> _What you have to do_: Type out the complete listing below word for word, without its pictures.
Raw data START
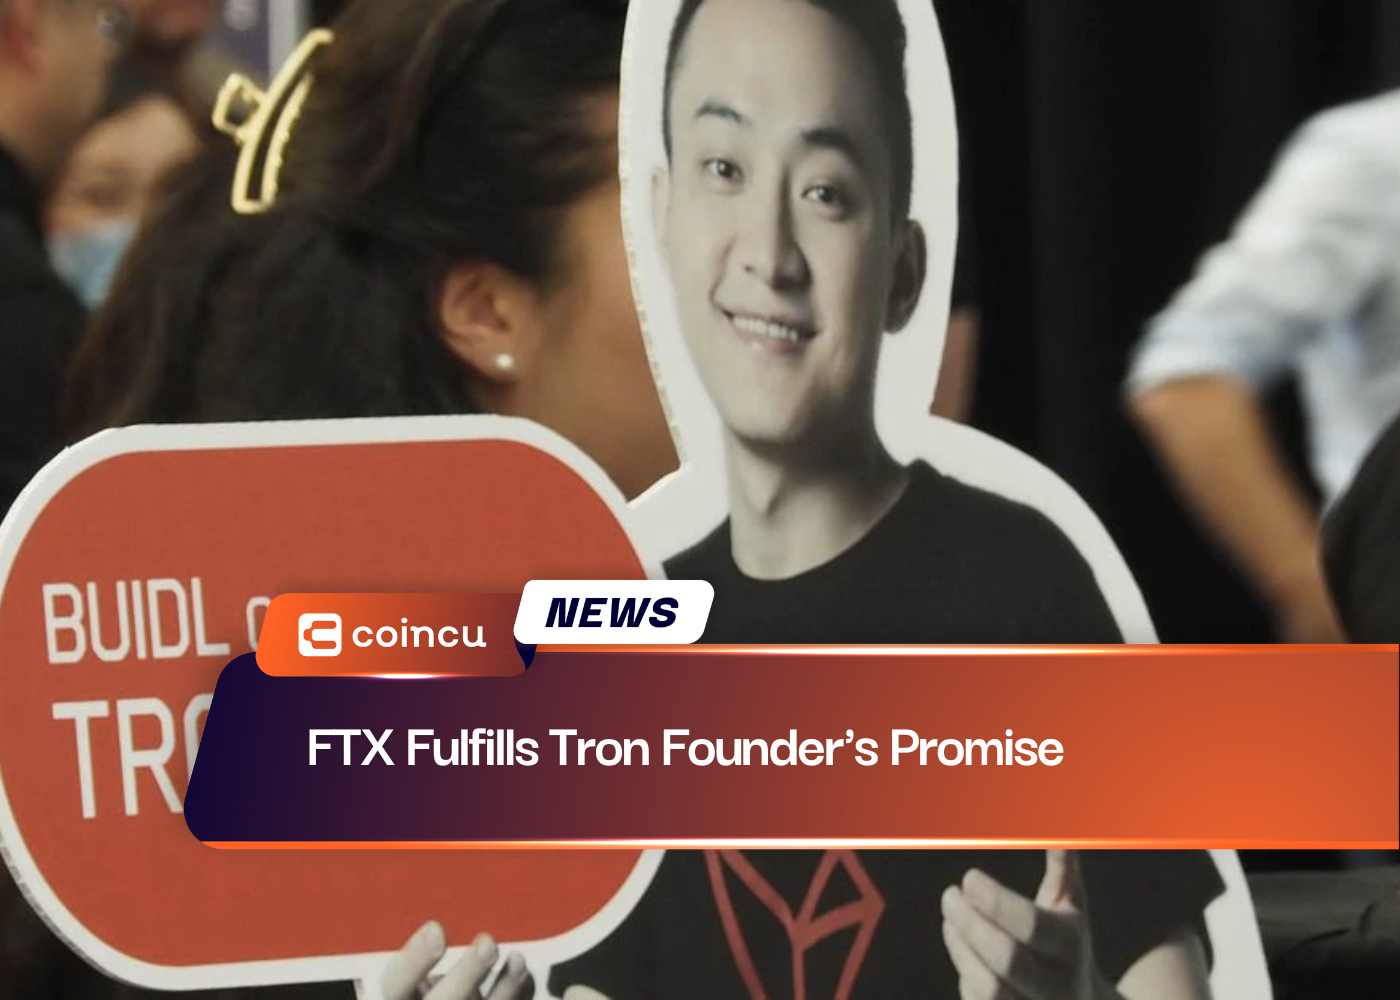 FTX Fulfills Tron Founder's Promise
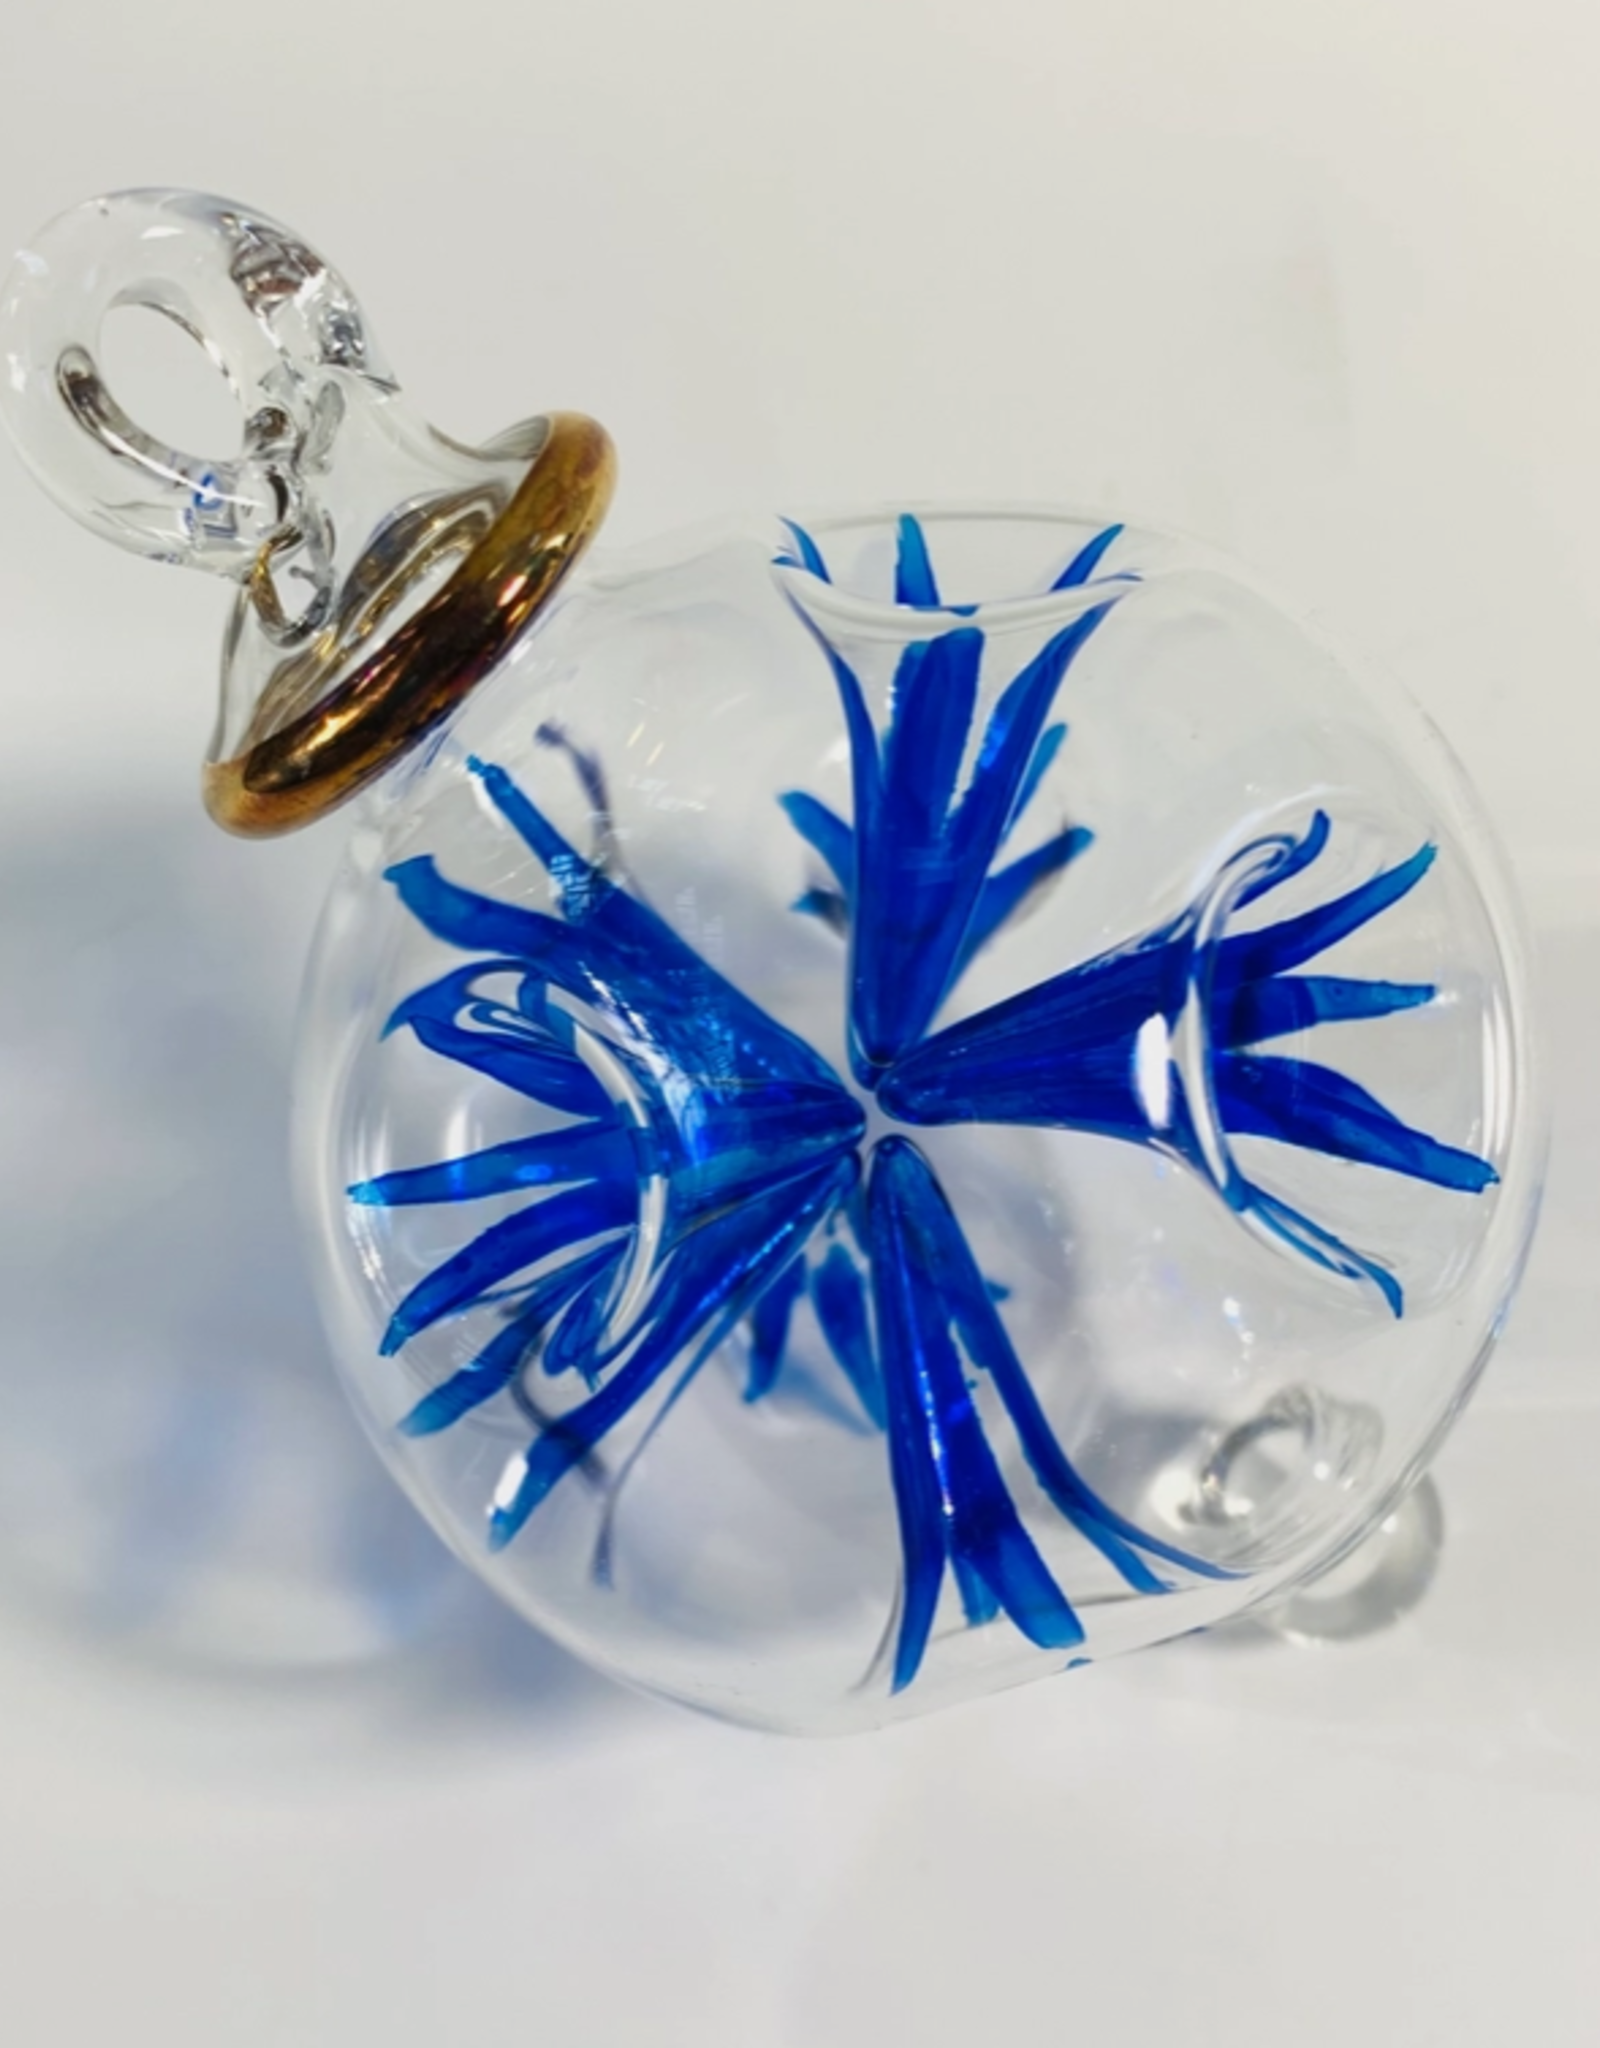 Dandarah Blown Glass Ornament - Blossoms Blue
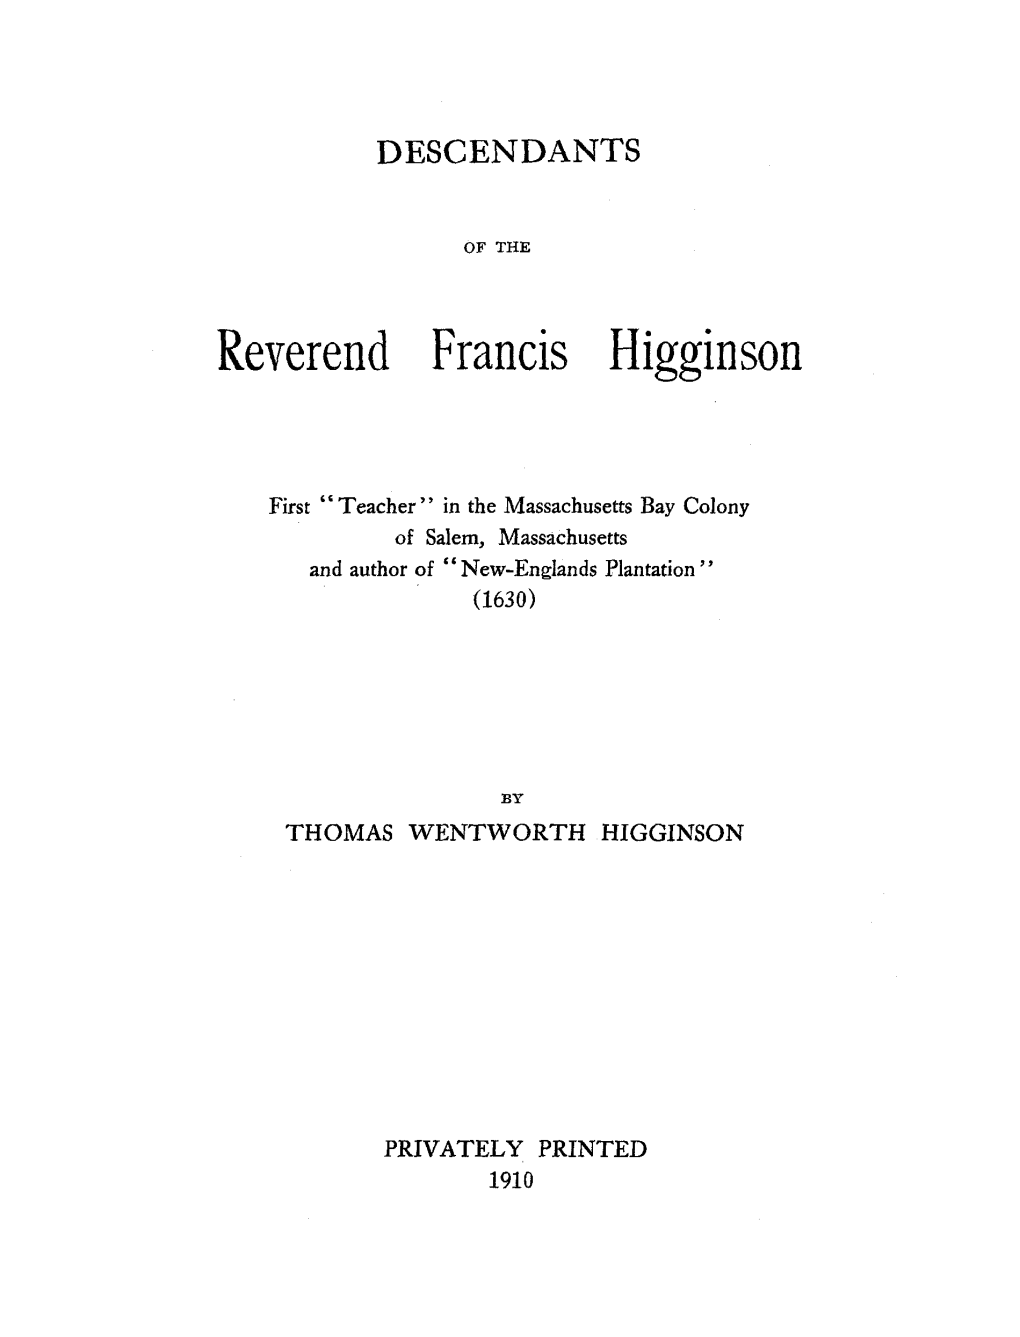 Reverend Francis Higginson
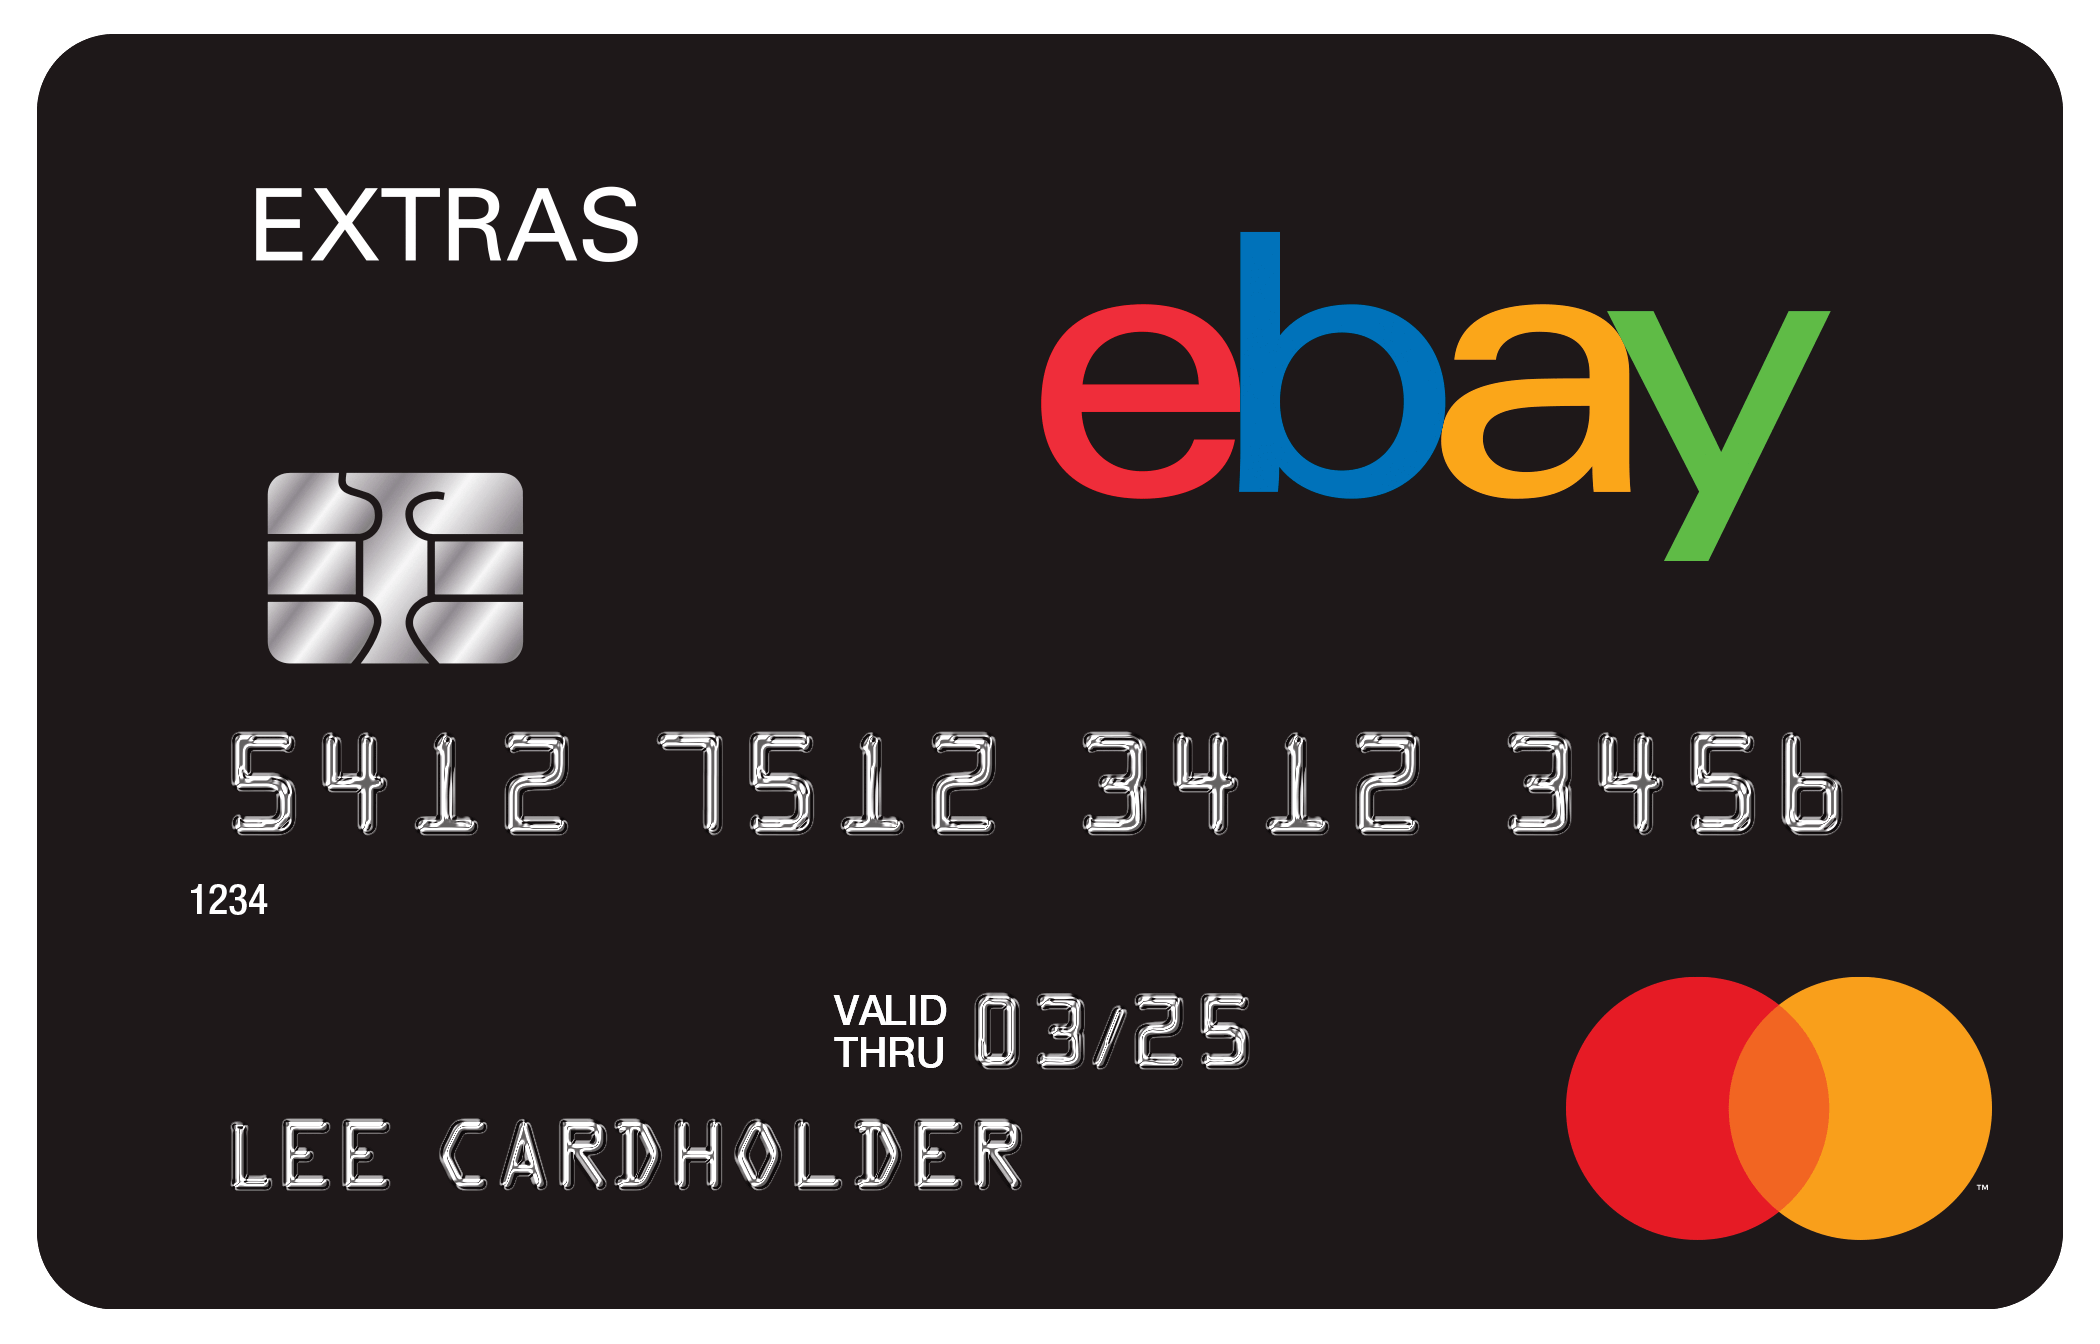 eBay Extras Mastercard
Raw data END
> _Exercise answer_:
 FTX Fulfills Tron Founder's Promise
 Dandarah Blown Glass Ornament - Blossoms Blue
 Reverend Francis Higginson
 eBay Extras Mastercard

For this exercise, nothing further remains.